The loan will finance the redevelopment of 22 Hanover Square, in London’s Mayfair district, into a five-star boutique hotel, plus luxury apartments and ground-floor retail, to be delivered by developer Clivedale.
Deutsche AM declined to provide further details of the financing, although Real Estate Capital understands the loan has a relatively short term. Deutsche AM’s entire European real estate debt business held €1.25 billion in assets under management as of July, when including loans written on behalf of BVK.
Prior to awarding the mandate to Deutsche AM, BVK had invested in one-off debt deals with several lending partners in the UK and US markets. The capital is structured as a fund and invests in stretched senior loans and subordinated loans in Europe and the US. Focused on large, high-quality assets, the fund’s blended target returns are in excess of 4 percent.
The prime Mayfair site is expected to benefit from the nearby construction of an underground station at Bond Street for London’s Crossrail network. Other recent deals written by Deutsche AM for the mandate include a May loan, alongside pbb Deutsche Pfandbriefbank, to provide £69 million to refinance a mixed-use block on London’s Savile Row for property investor Aerium. Deutsche AM provided a £25 million mezzanine facility on behalf of BVK.

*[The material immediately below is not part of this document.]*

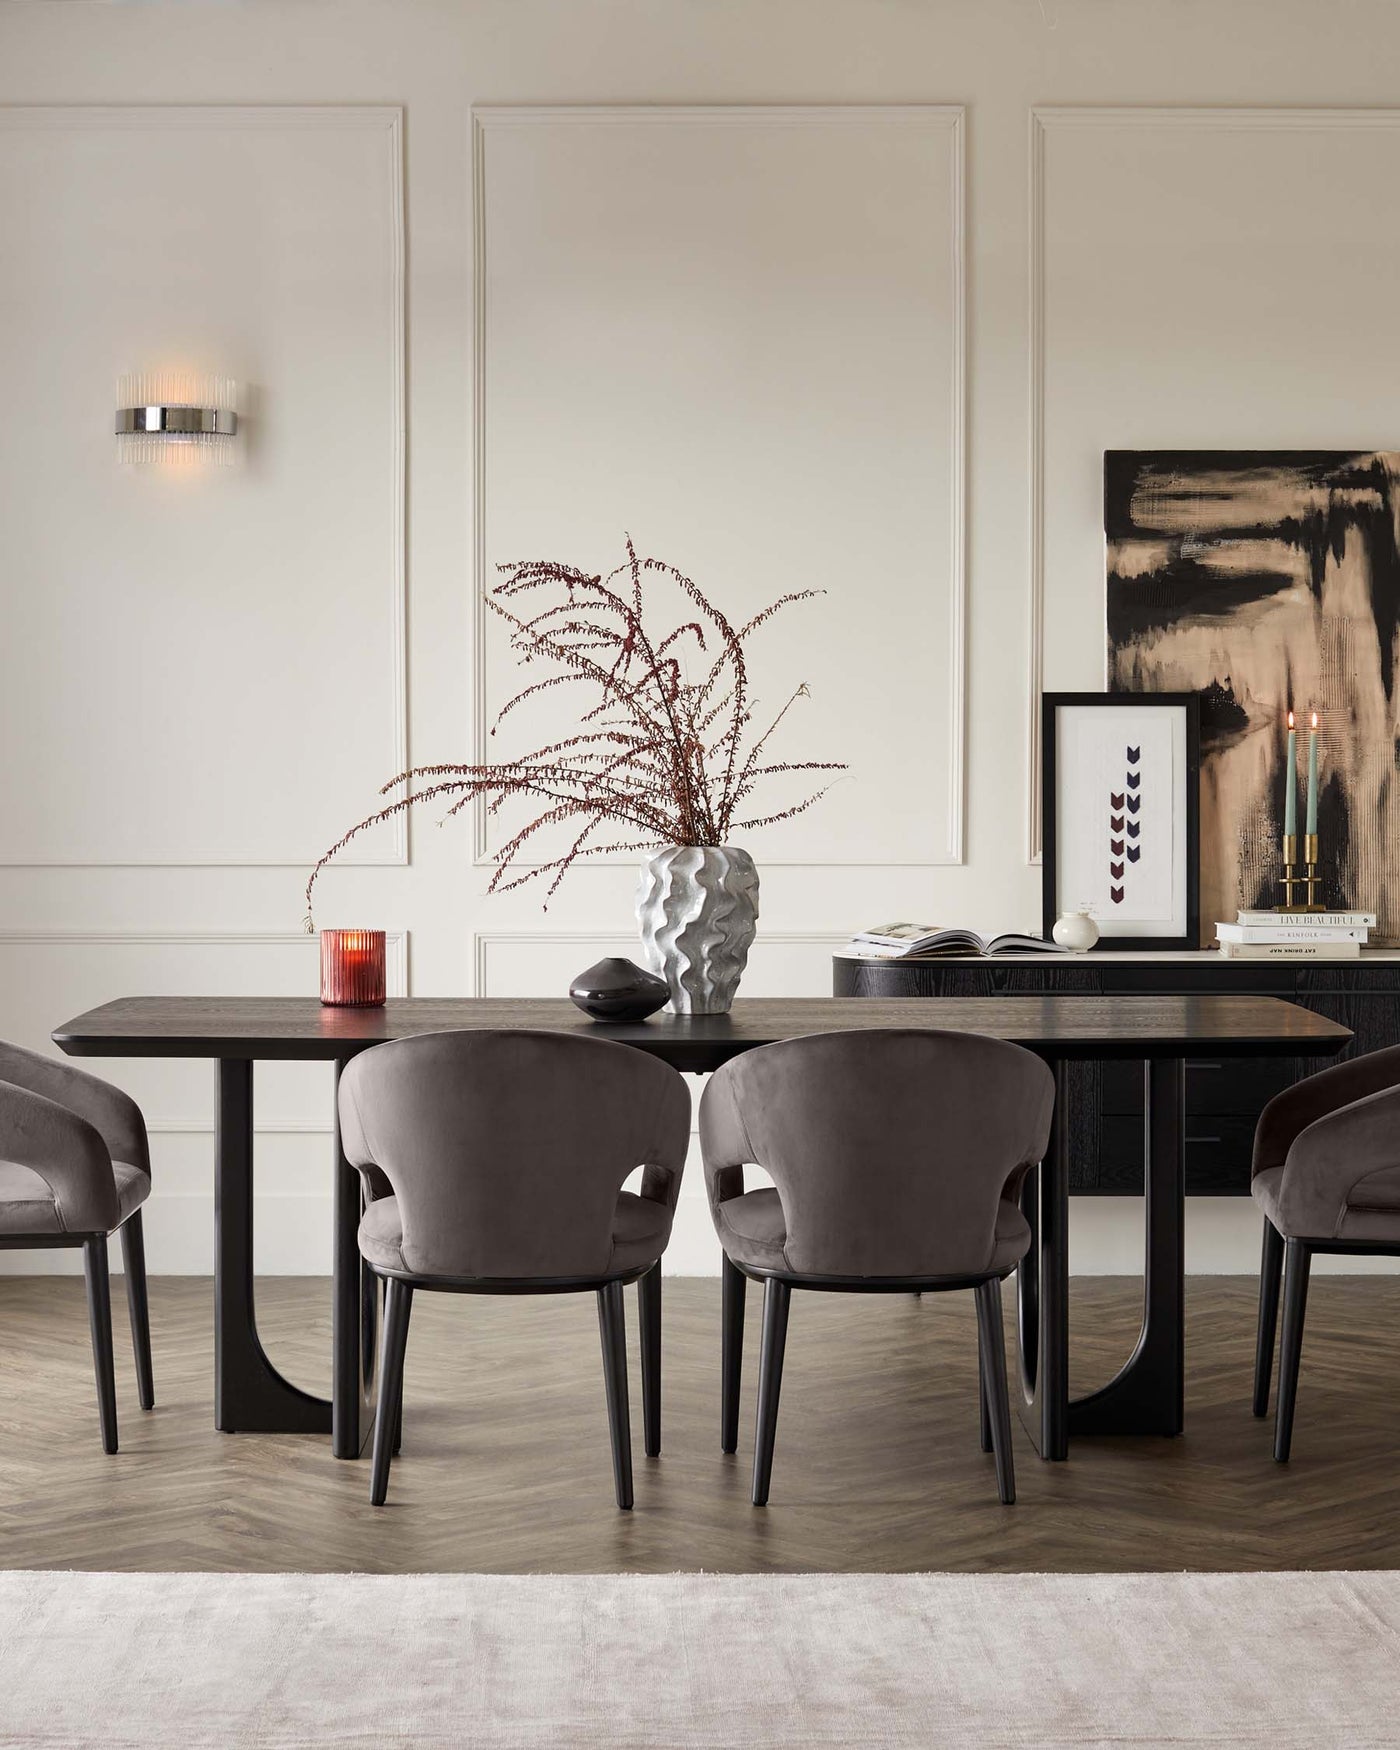 Modern minimalist dining room furniture set with a sleek, dark wood rectangular table and four plush, grey upholstered chairs with black legs, arranged on a subtle off-white area rug, creating a stylish and sophisticated interior.

BVK, which is Germany’s largest public pension fund, has significantly increased its exposure to real estate in the last year. In December 2016, Hines, acting for BVK, bought the Liffey Valley shopping mall near Dublin in a deal reported to value the asset at €630 million.
In July, Real Estate Capital’s sister title, PERE, reported that the €69 billion pension fund had awarded a €250 million separate account mandate to Universal-Investment, the Frankfurt-based investment manager, and GPEP, the Frankfurt-based asset manager, to invest in the retail sector. The separate account, BVK-Deutschland I-Immobilienfonds, is expected to be used to invest in supermarkets and retail centres throughout Germany, across the full range of risk strategies.
In October 2016, the pension fund awarded Universal-Investment a €3.6 billion mandate to invest in European and Asian residential and office assets. Earlier in 2016, it inked three further large mandates worth a combined €2.1 billion. In July, the firm handed Patrizia Immobilien, the Augsburg, Germany-based real estate investment manager, a €400 million cheque to create a pan-European residential property portfolio. Weeks earlier, the German pension fund had struck a deal with Finnish private equity fund CapMan to invest €400 million in Nordic residential markets.
In January 2016, BVK teamed up with the European arm of Houston-based fund manager Hines in launching a €1.3 billion separate account programme to invest in European high-street retail. In March this year, Hines made its eighth and ninth acquisitions on behalf of the BVK mandate. So far assets have been acquired in Denmark, Spain, Ireland, France and the UK.